A Parsha, bookended by Angelic encounters, filled with deceit  

·       Lavan the selfish, greedy, exploiting, “gracious” host and relative-- who never fails to observe good manners-- puts Yaakov his “bone and flesh” to work for a month before offering  him any compensation.

·       Lavan deceives Yaakov by substituting his daughter Leah for Rachel, the woman Yaakov was to marry, on the  wedding night. Yaakov upbraids Lavan “why have you deceived me?”, using the same root that Yitzchak used regarding Yaakov’s subterfuge ,”your brother has come in deceit”. Lavan’s response “It is not done this way in our place to give the younger girl (in marriage) before the firstborn” is a dramatic irony referring back to Yaakov who in his place did in fact place the younger before the older (i.e., stealing his father’s blessings that where rightfully due his older brother)!Yaakov receives retribution at the hands of Lavan.

·       Barren Rachel, jealous of her sister Leah’s fecundity, allows her to cohabit with Yaakov that night in return for Leah’s son Reuven giving her the mandrakes he finds in the fields that day. Mandrakes were thought to have magical powers, to have medicinal value, to be an aphrodisiac and to promote fertility.

·       After Rachel finally gives birth to a son, Yaakov wishes to leave Lavan. When Lavan asks him to name his wages Yaakov asks to keep only spotted and speckled goats and dark- colored sheep. Because  most goats are black, not speckled, and most sheep are white, not dark- colored, Yaakov is in effect asking for next to nothing in wages for his 20 years of hard work as a shepherd for Lavan. Deceitful Lavan then removes all of the animals with the recessive traits that Yaakov desires, thus nearly eliminating the possibility of Yaakov’s having a substantial number of livestock, and leaves Yaakov to shepherd his flocks of white-only animals. Commentator Nachum Sarna (1923-2005 ; cited by Robert Alter) notes that  the Hebrew word for white is the same as the name Lavan; Yaakov is about to beat Lavan at his own game with his own name-color.
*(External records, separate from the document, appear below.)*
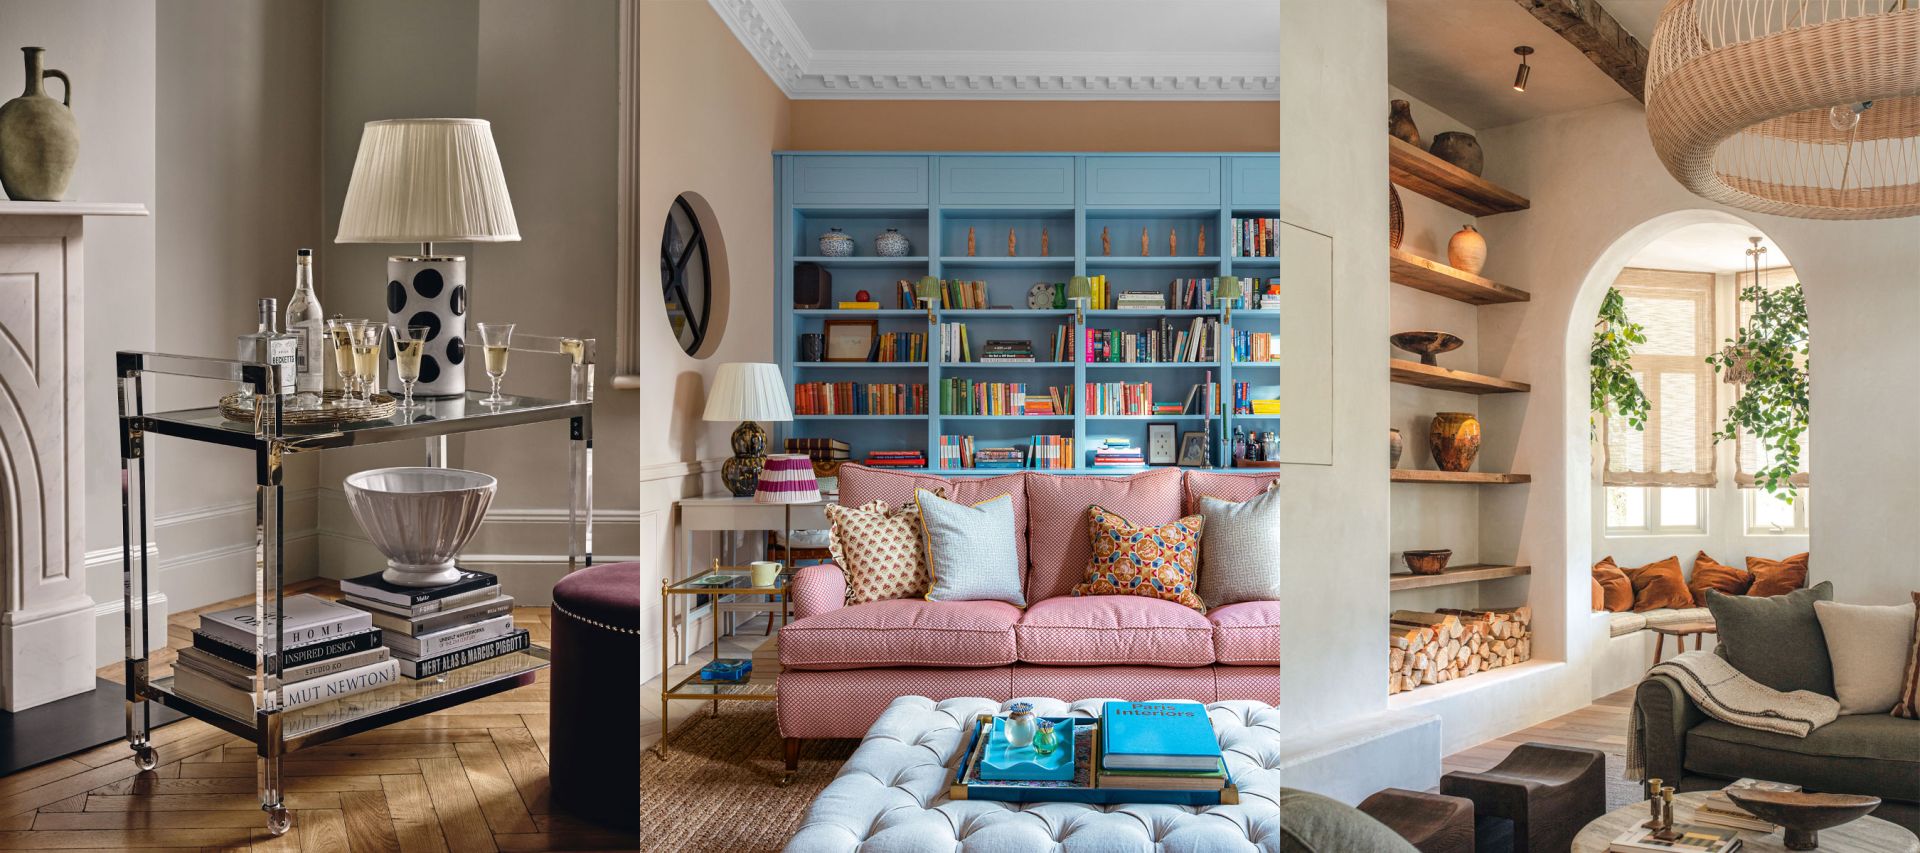 Living room storage ideas – 15 ways to establish a smart and stylish space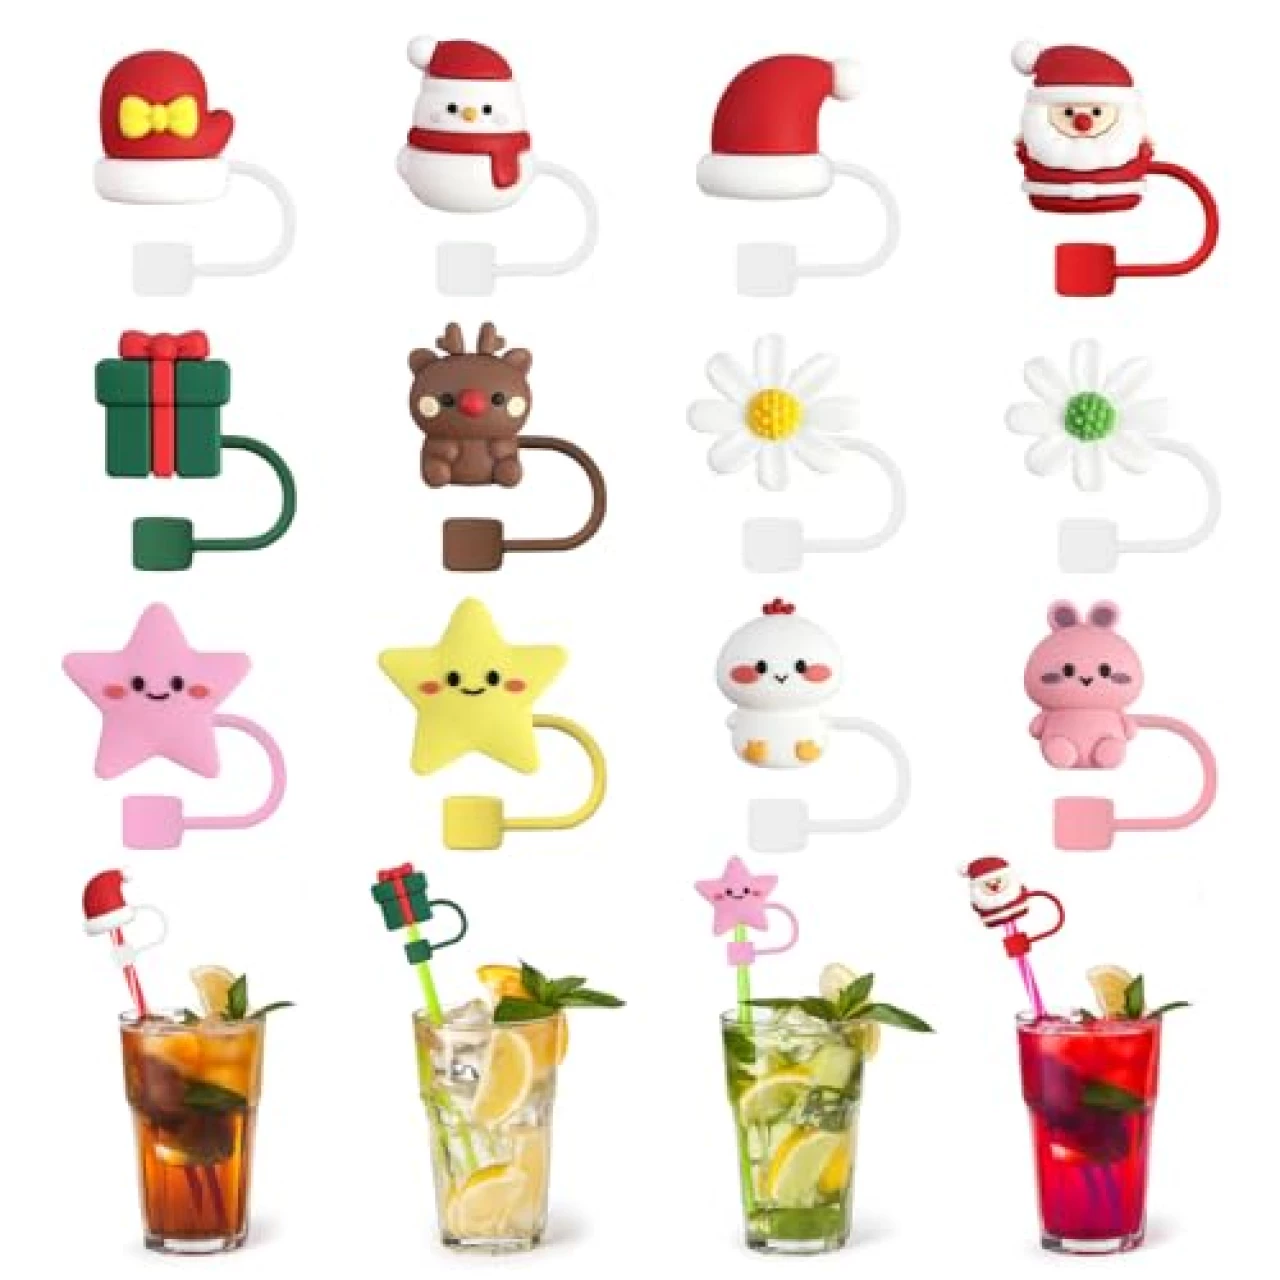 HFYZZ 12Pcs Straw Covers,10mm Christmas Theme Cute Cartoon Silicone Straw Toppers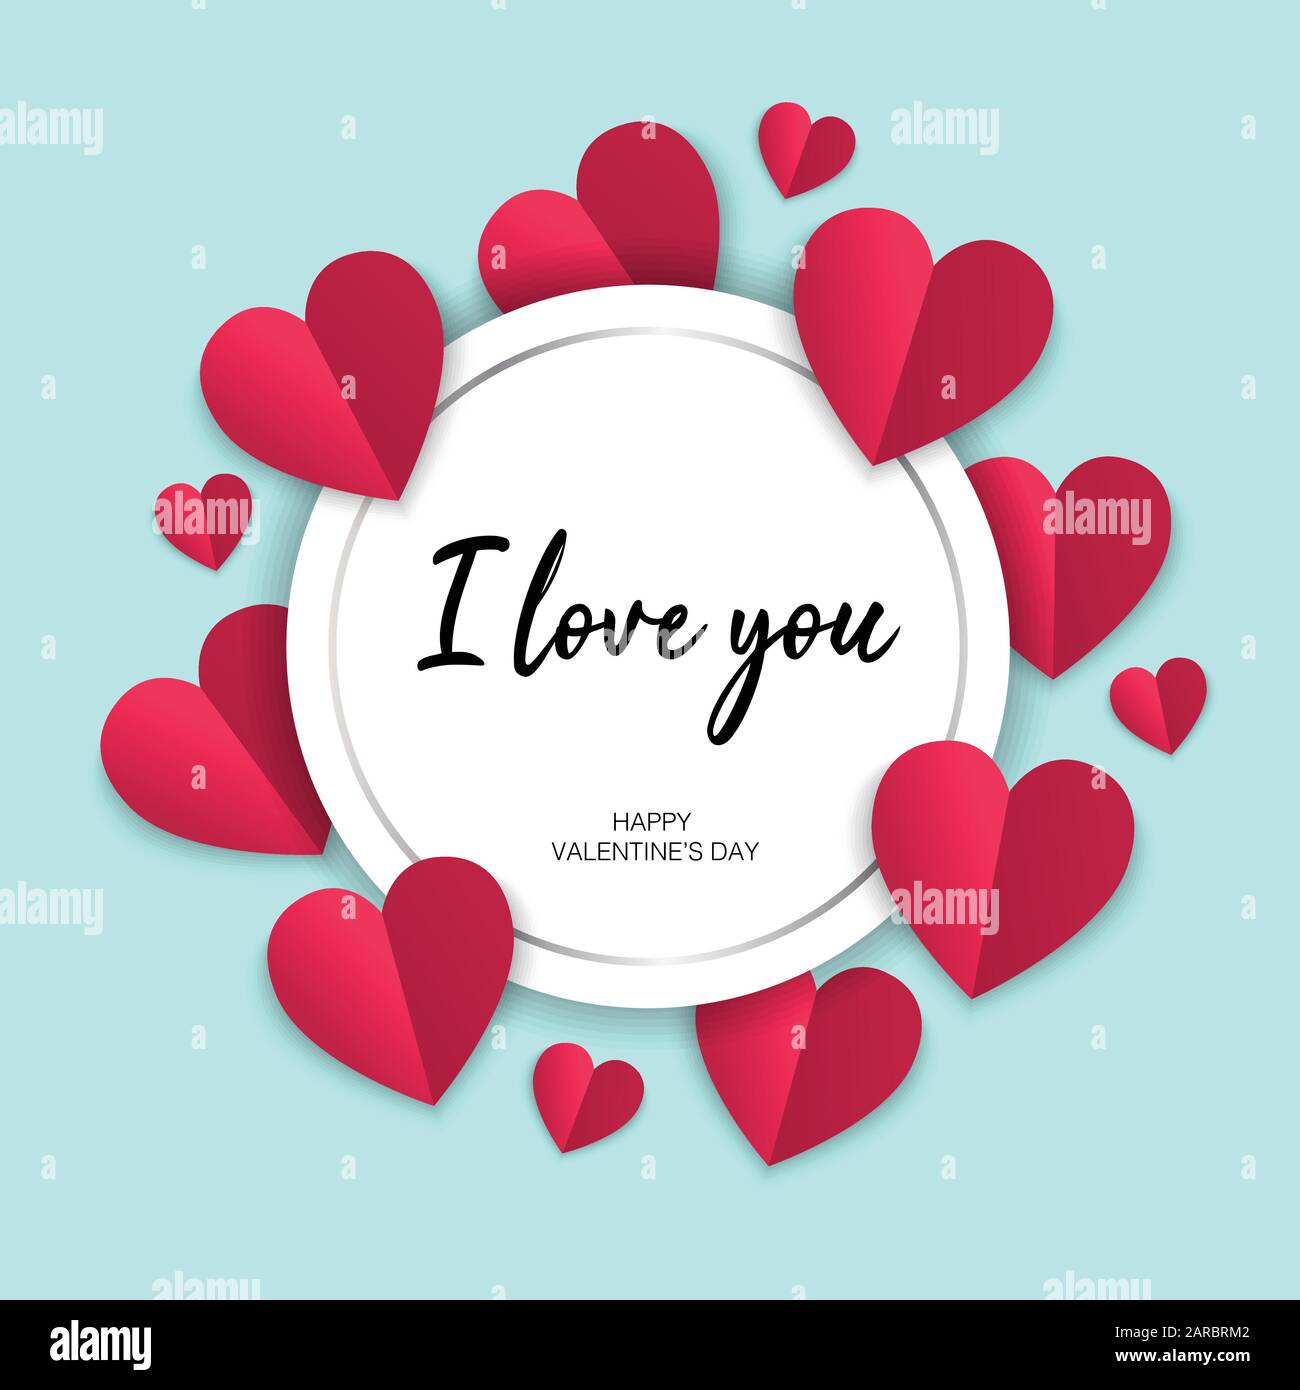 I love you. Happy Valentines Day poster greeting card. Vector ...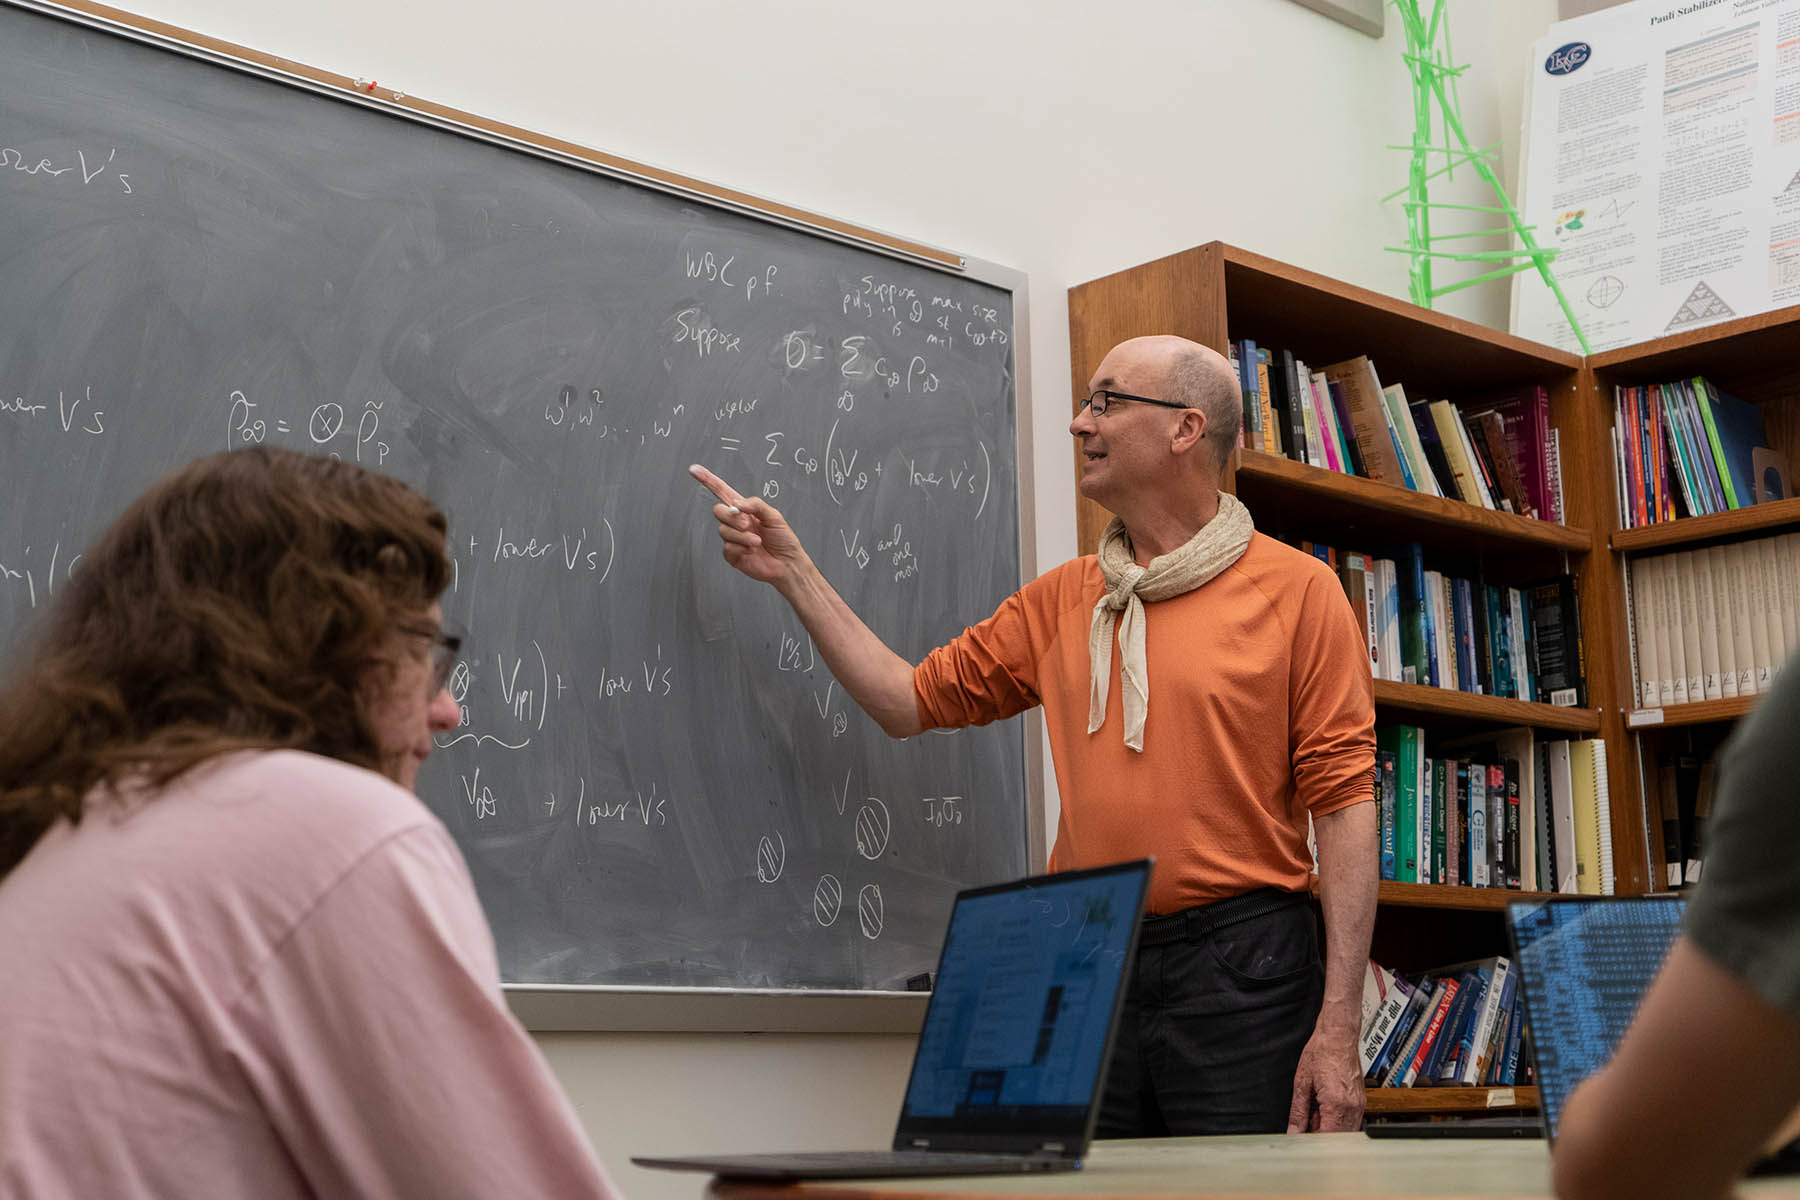 Professor pointing to an equation on a chalkboard.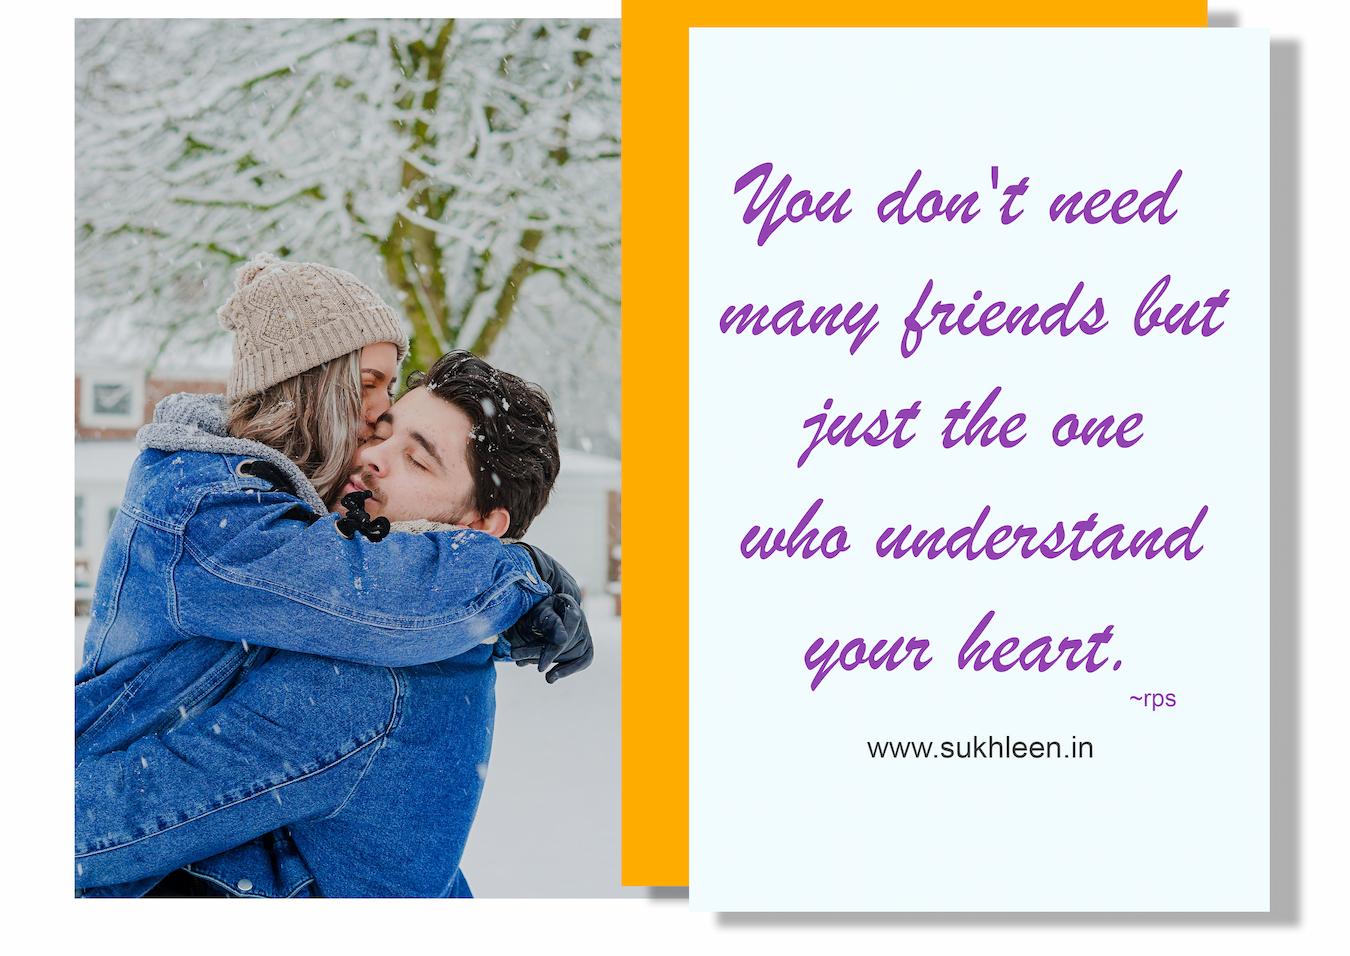 You don't need many friends but just the one who understand your heart. Love relationship Quotes

Yaakov embarks on a plan of what appears to be a deception but is really an application of sound principles of animal breeding, according to Yehuda Feliks(1922-2005), an authority on biblical flora and fauna cited by Robert Alter. Yaakov peeled white strips in moist rods of poplar and almond and plane tree and placed the rods in troughs in the water channels in which the flocks come to drink so that when the flocks went into heat they bore brindled, spotted and speckled young. He took the most vigorous of these offspring (those most likely to bear the recessive genes) and placed the rods before them in the water channels so that when they went into heat they, too, bore brindled, spotted and speckled young. But there  really was no need for the rods and visual stimulation to cross breed the white and dark (or spotted) animals because,  according to the Mendelian table, recessive traits show up in 25% of the animals born in the first breeding season, 12.5% in the second breeding season and 6.25% in the third breeding season. Based on his empirical observations gathered over the course of 20 years of shepherding, Yaakov must have had a sense of  the pattern of these recessive traits recurrences.

·       Yaakov “deceived Lavan the Aramean, in not telling him he was fleeing”. Rachel “stole the household gods that were her father’s” .When Lavan catches up to Yaakov and demands to know why he stole the household gods Yaakov, unaware of Rachel’s action, invites Lavan to search the premises and vows that  if idols are found, the person with whom the idols are found shall not live. Rachel is sitting on a camel  in whose cushion she hid the idols. When Lavan approaches she  deceives her father with the apology  that her inability to stand up  before him in the customary respectful way is because “the way of women is upon me”.